Big Solar Storm, Little GPS Effect

Solar flare viewed January 23, 2012. NASA Solar Dynamics Observatory image.

Although it was billed as the strongest for the past eight years and coincided nicely with the American Meteorological Society (AMS) annual meeting in New Oreans, this week’s solar storm apparently had a limited effect on GPS receivers and users.

Although it was billed as the strongest for the past eight years and coincided nicely with the American Meteorological Society (AMS) annual meeting in New Oreans, this week’s solar storm apparently had a limited effect on GPS receivers and users.

A large solar flare began at about 10:38 p.m. January 22, according to the space weather Laboratory at NASA’s Goddard Space Flight Center in Greenbelt, Maryland. Less than two days later, the resulting coronal mass ejection (CME) collided with Earth’s magnetic field, producing a variety of ionospheric effects.

NOAA’s Space Weather Prediction Center rated the solar radiation storm as the largest since October 2003, categorizing it as a "strong" — or S3 (with S5 being the highest) — storm.

In anticipation of the storm’s arrival, the National Oceanic and Atmospheric Administration (NOAA) issued a warning to the aviation community. As a precaution, several airlines including Delta, Air Canada, and Qantas rerouted a handful of flights that crossed polar regions, where solar storm effects can be most pronounced and affect HF communications and GPS signals used for navigation.

However, because the CME struck the Earth’s atmosphere at an angle, rather than head on, the effects were weaker than they could have been and caused little noticeable effect on GPS satellites or receivers.

The storm did, however, produce impressive display of “Northern Lights” — aurora borealis —  and presages increasing activity expected from the sun as it approaches the solar maximum in the current sunspot cycle.

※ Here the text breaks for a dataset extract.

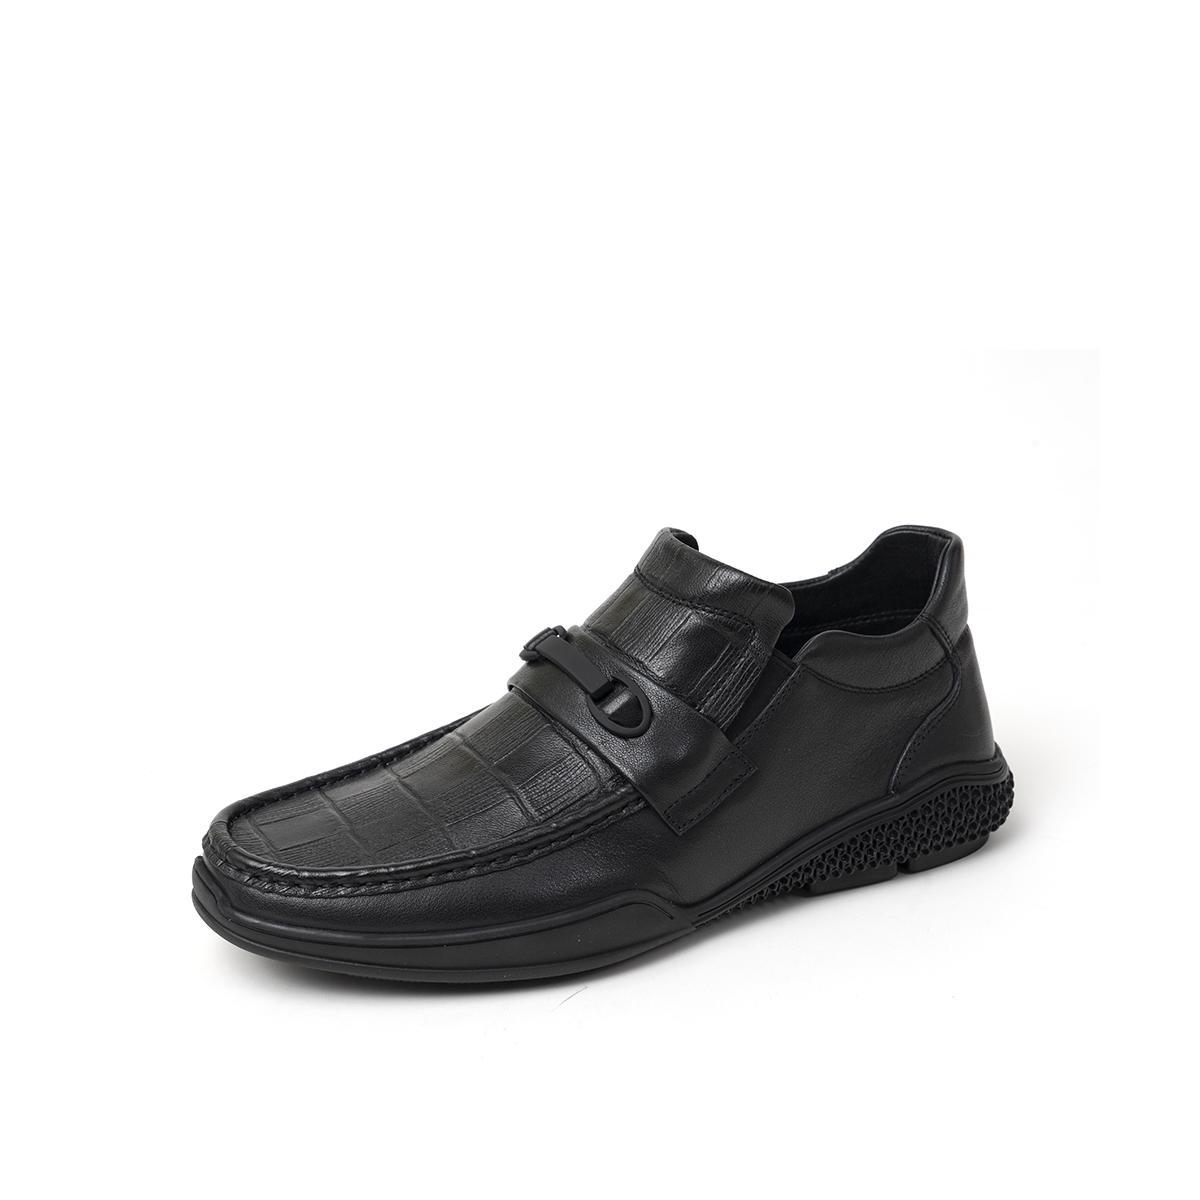 百思图百思图 2019冬季专柜同款牛皮革一脚蹬商务男休闲鞋RGL80Y28DU1DM9

Three space weather phenomena account for most GNSS errors: total electron content (TEC)–induced delays, scintillation, and solar bursts. As GPS signals propagate through the ionosphere, their speed and direction change in proportion to the varying electron density or TEC along the line of sight between the receiver and the satellite. This affects the GPS range observable, adding a delay to the code measurements and an advance to the phase measurements.

Scintillation, a distortion of radio waves’ phase and amplitude, creates rapid variations in signal power, reducing the received power and phase coherence of the GNSS signals, which can cause a loss of lock on the signal. Solar radio bursts begin with a solar flare that injects high-energy electrons into the solar upper atmosphere, producing RF noise that can degrade GNSS signals.

A recent AMS report highlighted the vulnerability of GPS-dependent critical infrastructures to disruptions caused by solar flares and other space weather events and offered recommendations for making GPS service more robust.